For this test I wanted to keep things simple and use the FIR function from the CMSIS DSP library. In order to do this, the sampled data must first be converted into the format the CMSIS filtering functions require. In the case of the function
arm_fir_decimate_f32(), this is an array of floats.
This conversion process involves moving every bit from the array of uint16_t’s provided by the I2S driver into its own floating point datatype. Initially I was interested in creating a linear 16 bit stream, so each
1 is scaled to be a
INT16_MAX, and each
0 scaled to be a
This process is unfortunately processor and memory intensive (I did warn that this was an inefficient example). By implementing a bespoke FIR filter it should be possible to reduce some of the costs of this step. Considering memory usage alone, this step is converting 1 ms of 1024 kHz sampled I2S data into floats, requiring an array of
1024 * 4 bytes = 4096 bytes.
With the data now in an array of floats, the CMSIS filtering function can be used to filter and decimate the signal. The output of this stage will be an array of floats with 64x less elements than the input array.
The FIR filter used for this step was a 256 tap Low Pass Filter (LPF) designed to have a cut-off frequency at 6 kHz. Like many aspects of this test, the number of taps and cut-off frequency were chosen fairly arbitrarily. The only criteria considered was ensuring the cut-off be less than the Nyquist Frequency of the downsampled signal (
16 kHz / 2 = 8 kHz).
The same filter response, over a more relevant range:
Each 1 ms sample of the filtered data stream is slotted into a larger buffer, until 1.6 s of audio data has been collected. This number was chosen as it fills the remaining memory available on the MCU. With this buffer fully filled, the test is complete, and the data can be retrieved.
I’ll not lie, the initial testing process involved outputting a lot of random noise. Eventually however, the bugs were ironed out and a reasonable sounding recording made its way to my computer. To try and quantify that the code was behaving as desired, I wrote a Python script to generate a WAVE audio file containing several superimposed tones. With the STM32F4DISCOVERY placed beside a speaker, the WAVE file could be played and the recorded waveform taken from the STM32 compared to the generated one.

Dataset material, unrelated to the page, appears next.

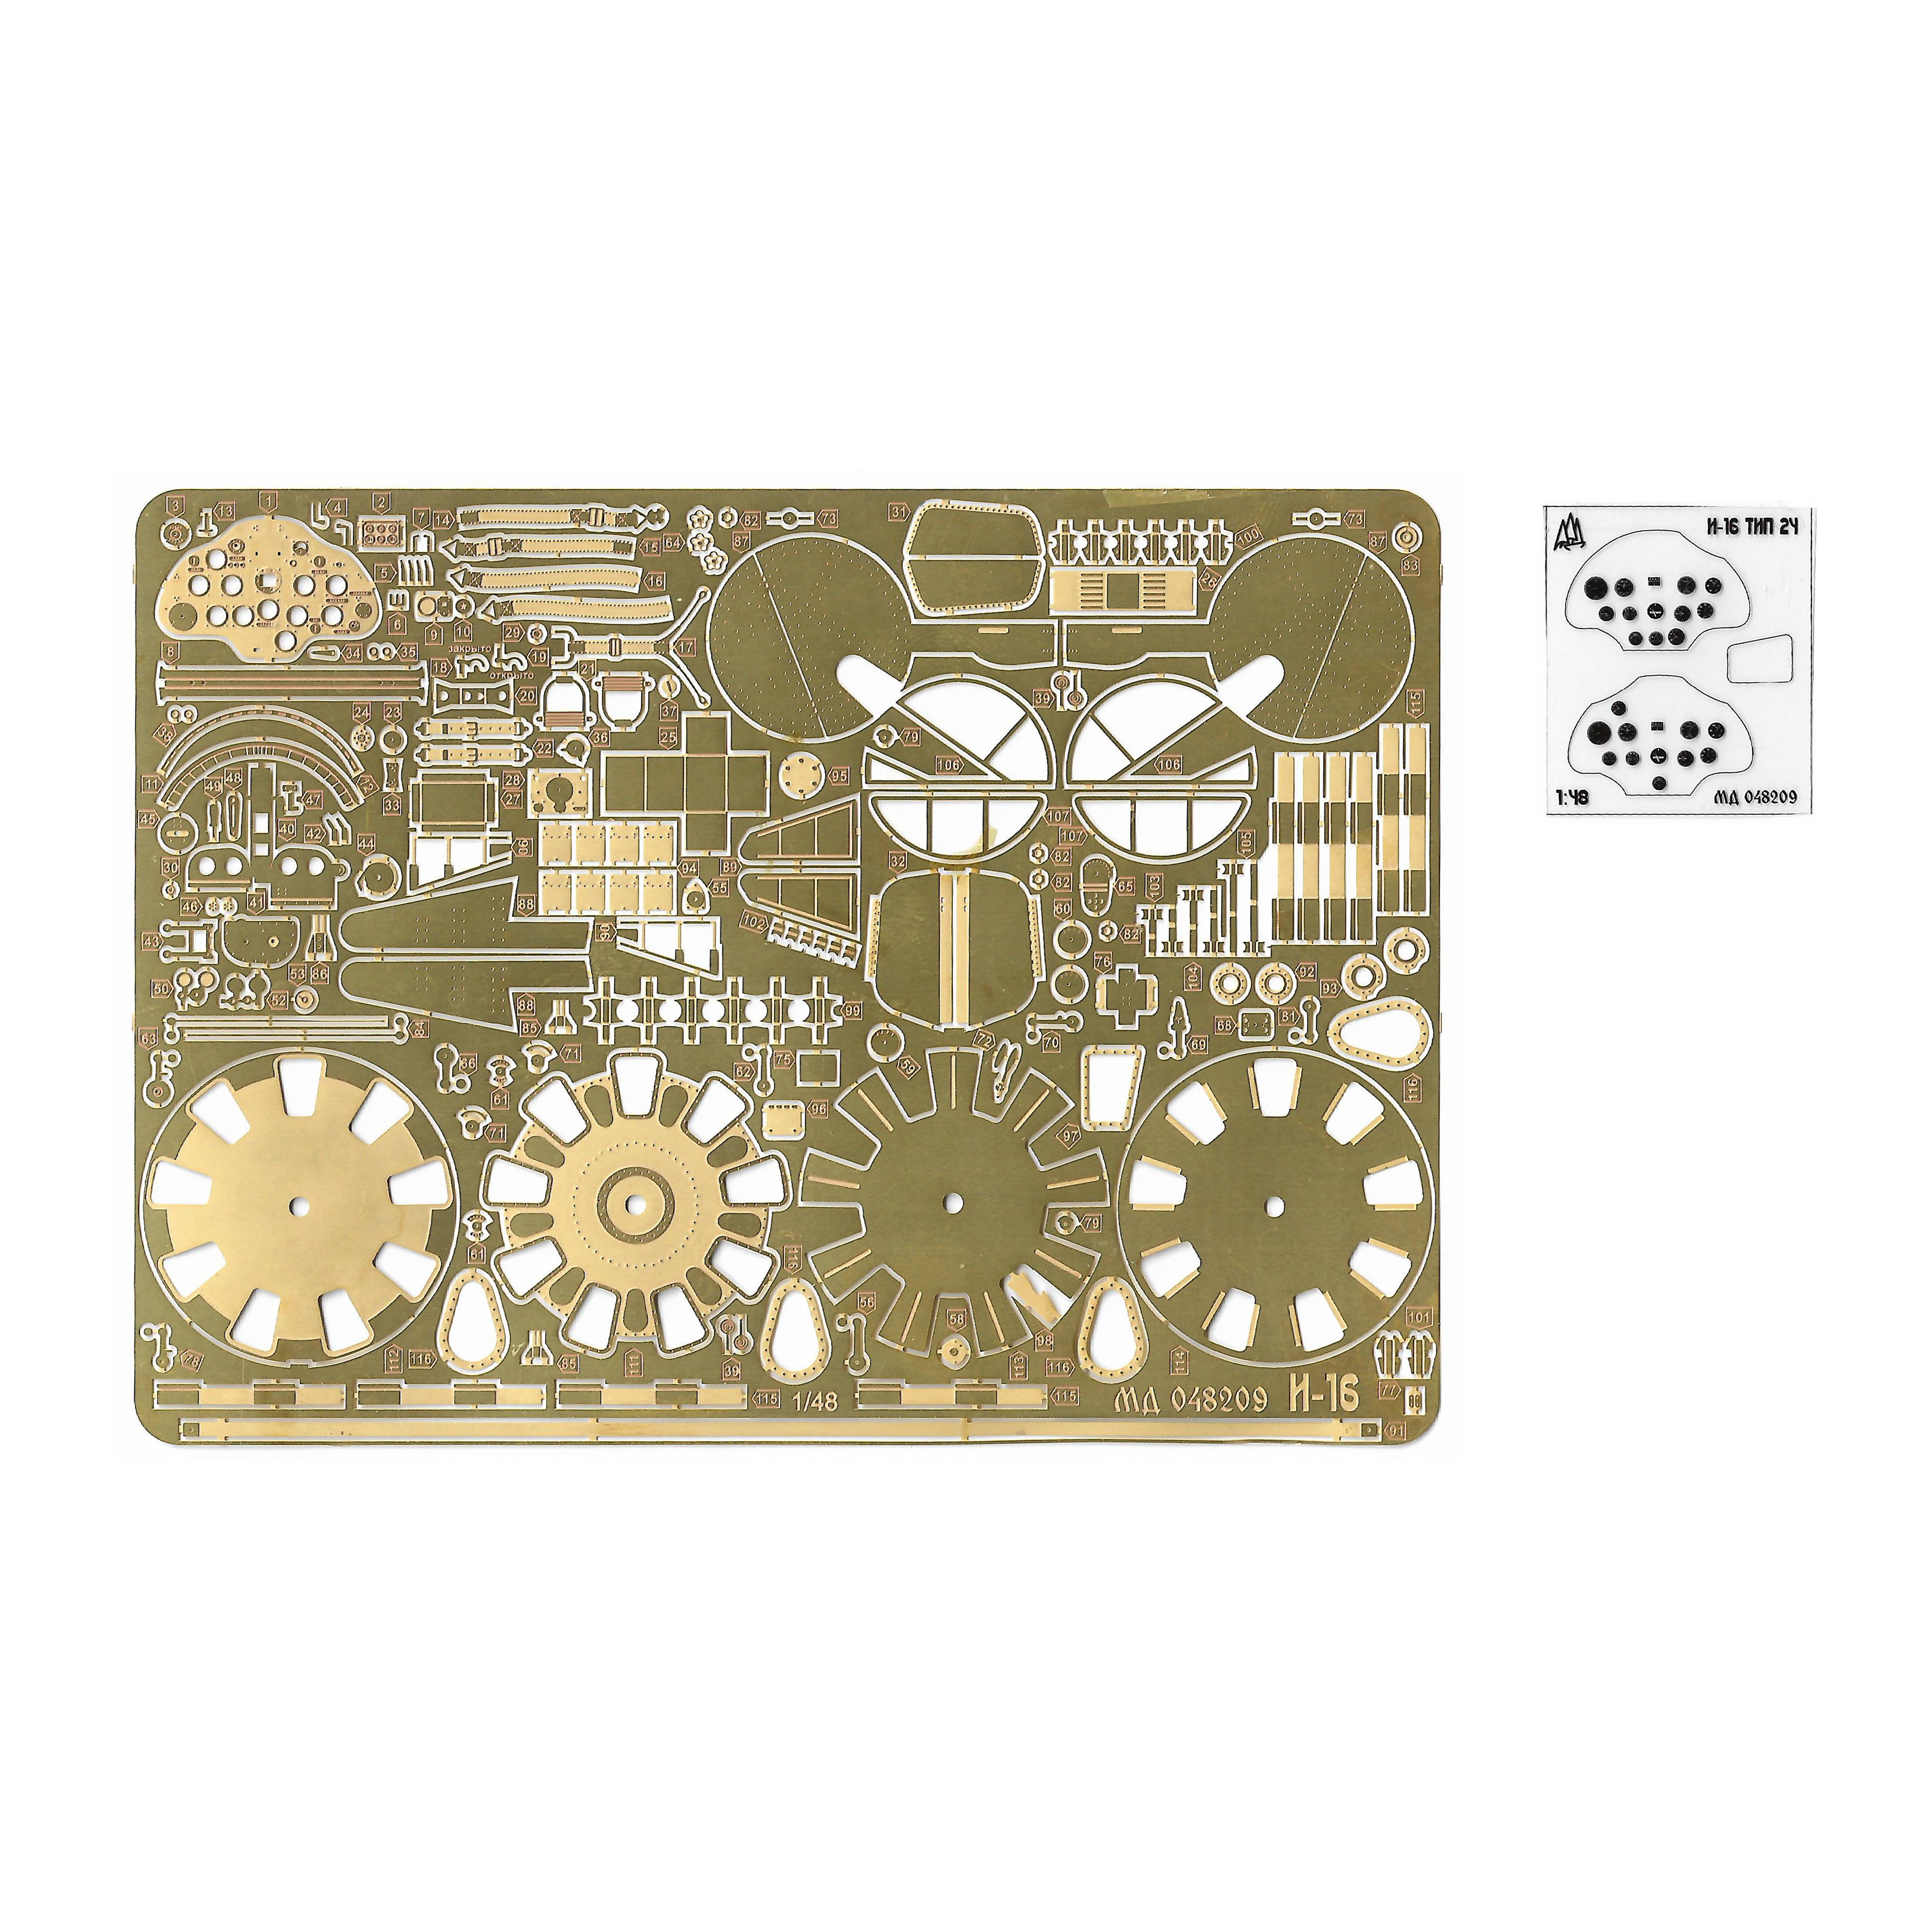 048209 Microdesign 1/48 photo Etching for I-16 from ICM

The comparison was achieved with a second Python script which performed an FFT of the recorded audio. All going well, the FFT should show the recorded signal was strongly comprised of the same tones which were played from the speakers. Below you can see the (boring) graph of the signal as well as the FFT.
The audio file played from my speakers should have contained the following frequencies. The comment beside each describes what can be seen in the FFT of the signal.
The following tones were added to the test signal to test attenuation above the desired cut-off. Ideally, we don’t want to see (hear) them in the recorded signal.
ST’s application note AN3998 - PDM audio software decoding on STM32 microcontrollers provides a helpful description of how to get audio from the MP45DT02. In it they make reference to a PDM filtering library they have produced, and distribute in binary form for GCC, Keil and IAR. This can be found in the STSW-STM32068 STM32F4DISCOVERY board firmware package.
After getting CMSIS up and running I thought it would be a good idea to see how ST’s IIR filter performs. Unfortunately, I am unable to provide the source to this test. Version 3 of ChibiOS (the RTOS I used) is GPL’d so I cannot distribute it along with a closed source binary. I’ll note that it looks like in the future ChibiOS will have a linking exception added back in. This doesn’t mean ST’s license would allow me to distribute it - I haven’t looked at it in detail to check.
libPDMFilter was configured with similar parameters to the FIR filter above to give a LPF with a cut-off frequency at 6 kHz. Similar to the CMSIS example, the below graphs show the filtered signal and it’s FFT.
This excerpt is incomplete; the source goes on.